---------- SUPPLIED INFORMATION

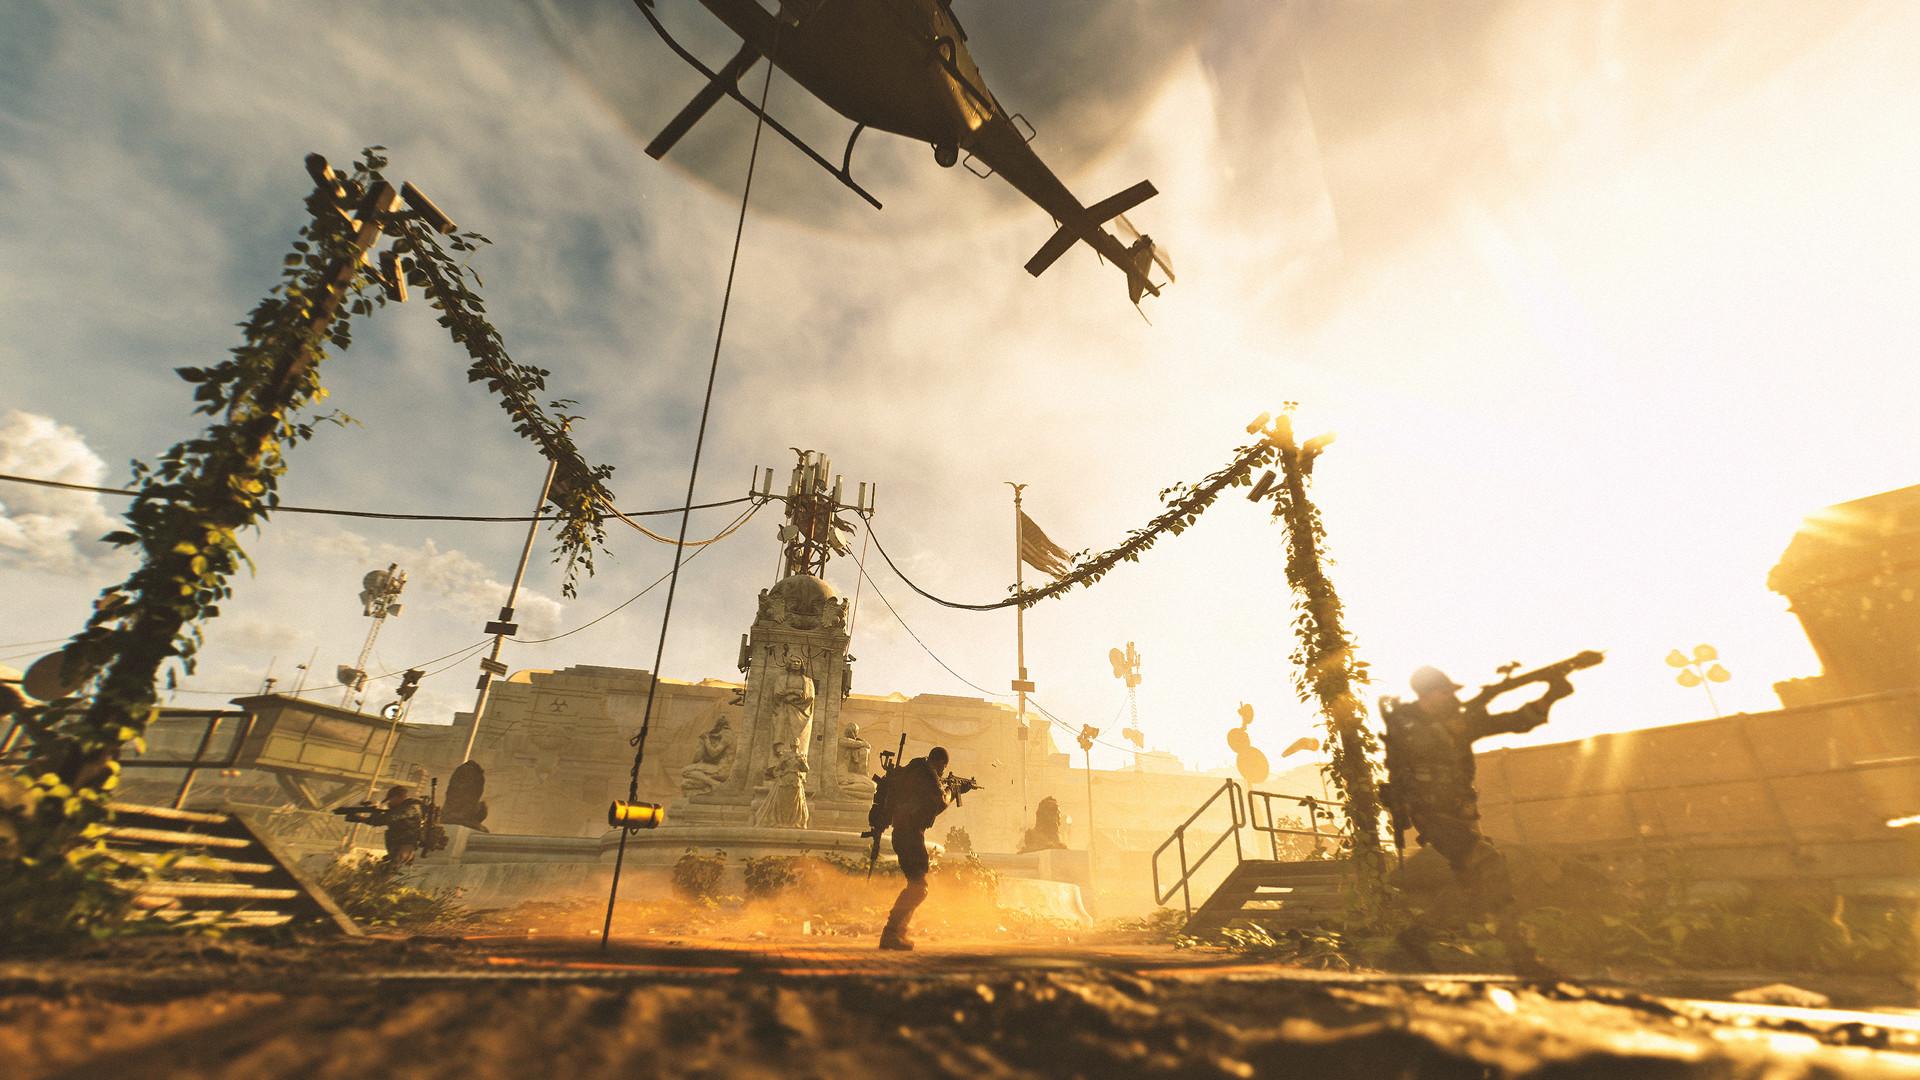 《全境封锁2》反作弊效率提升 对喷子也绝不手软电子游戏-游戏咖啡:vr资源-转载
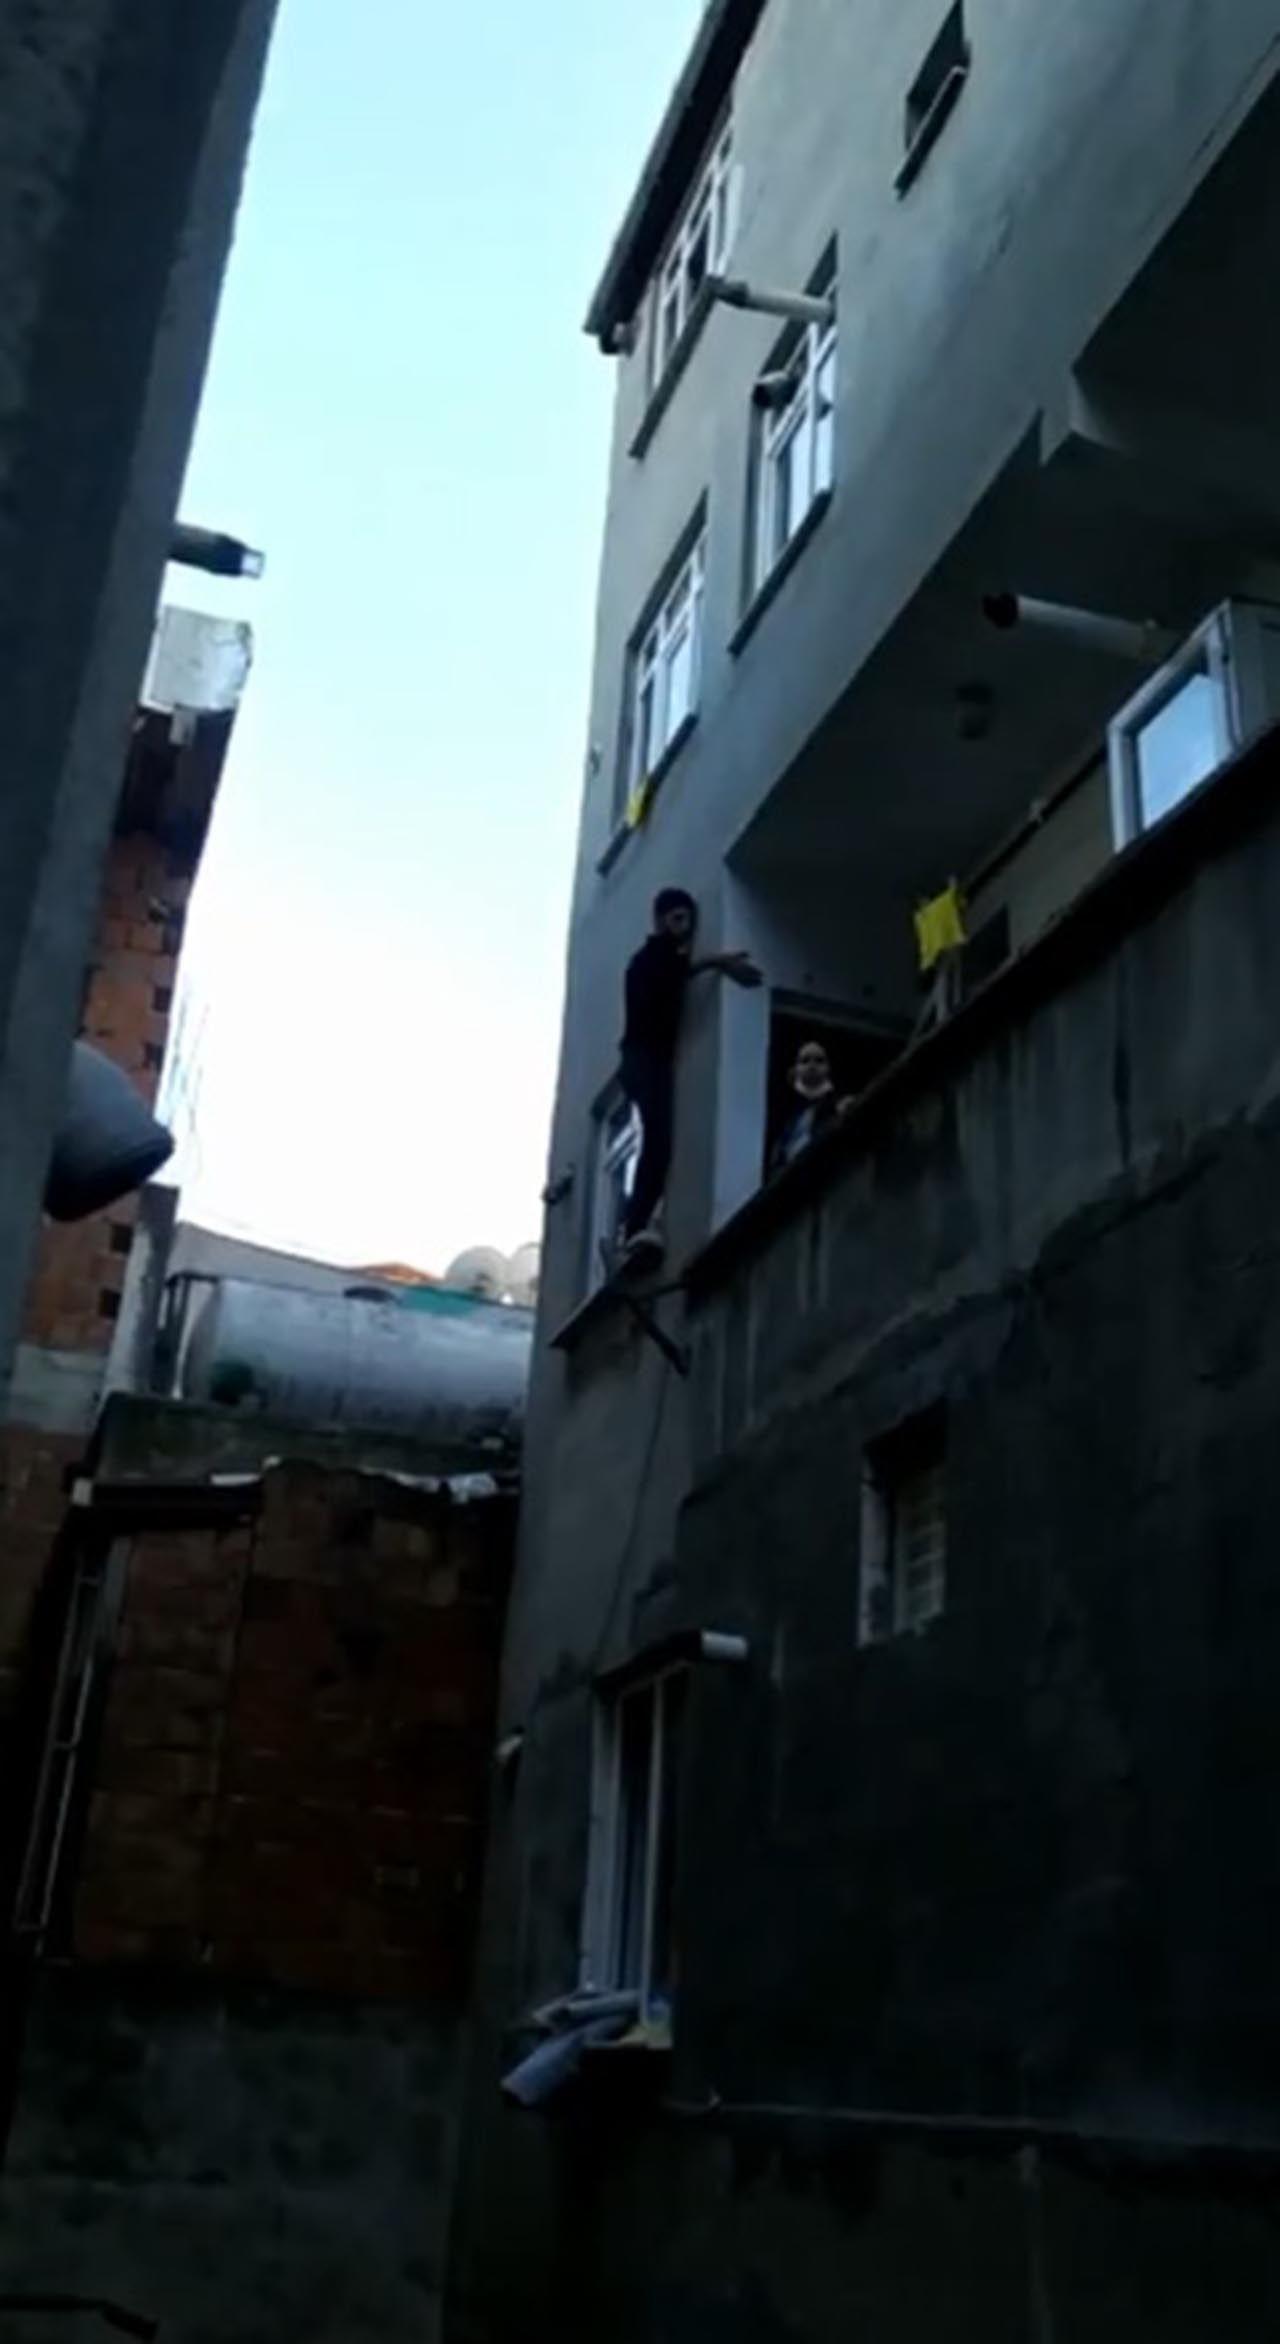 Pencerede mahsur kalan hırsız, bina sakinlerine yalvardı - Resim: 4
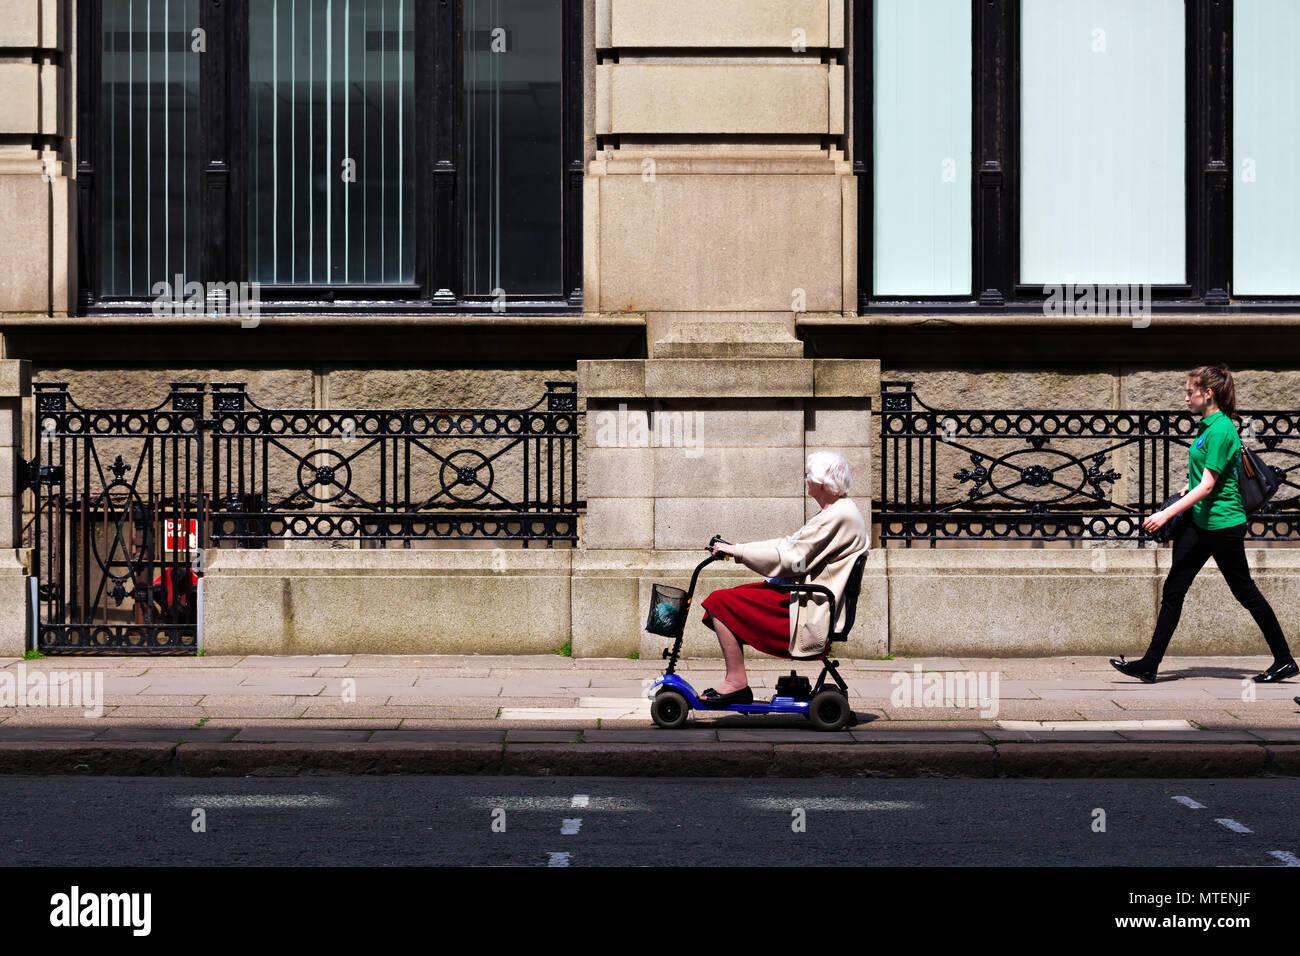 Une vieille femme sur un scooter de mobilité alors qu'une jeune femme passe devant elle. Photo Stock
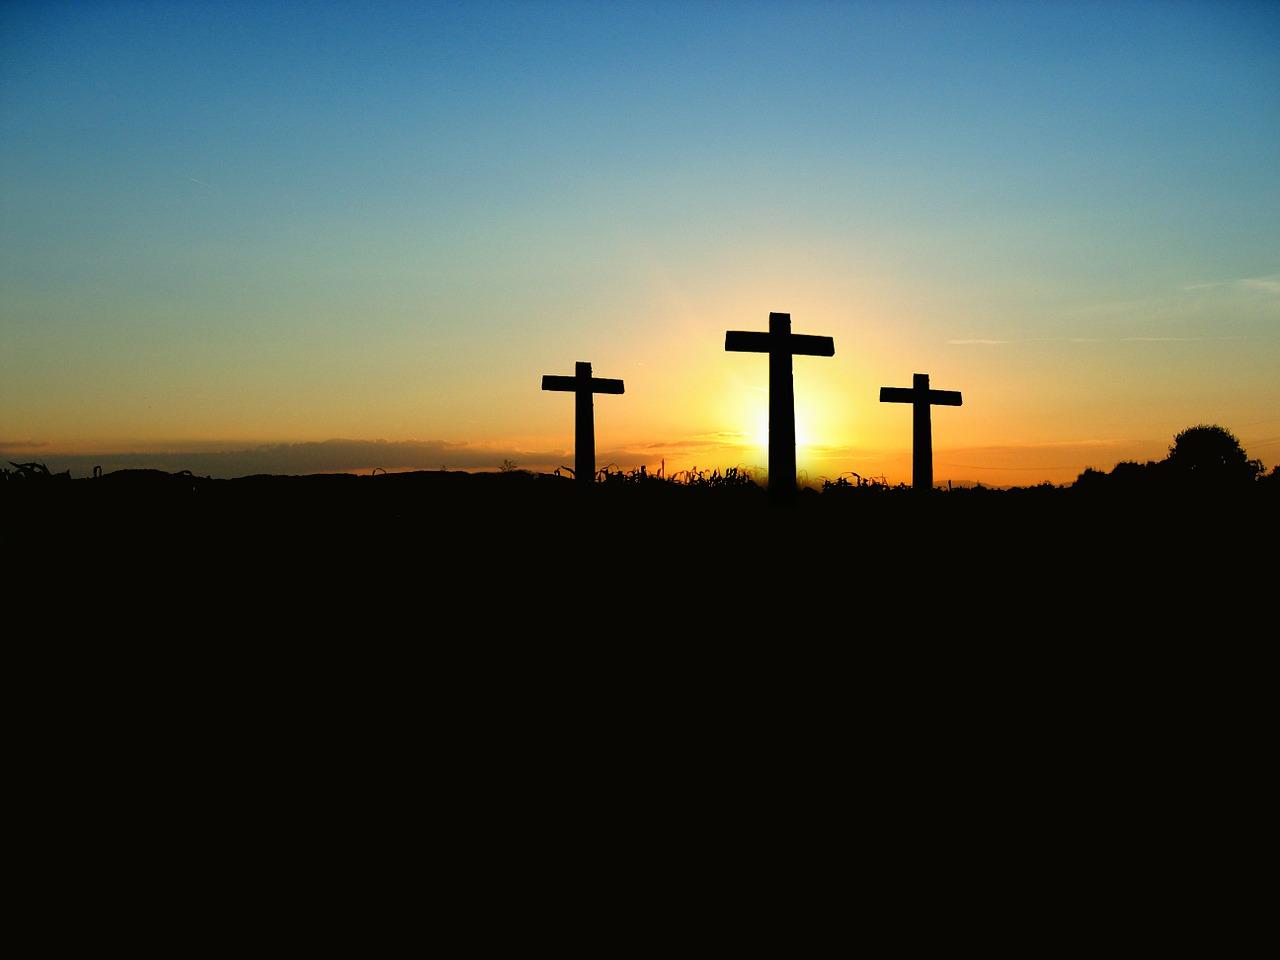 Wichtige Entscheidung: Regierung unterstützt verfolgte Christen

--------------------

Copy the data character for character, but drop all pictures from the copy.

 《全境封锁2》反作弊效率提升 对喷子也绝不手软电子游戏-游戏咖啡:vr资源-转载
 Pencerede mahsur kalan hırsız, bina sakinlerine yalvardı - Resim: 4
 Une vieille femme sur un scooter de mobilité alors qu'une jeune femme passe devant elle. Photo Stock
 Wichtige Entscheidung: Regierung unterstützt verfolgte Christen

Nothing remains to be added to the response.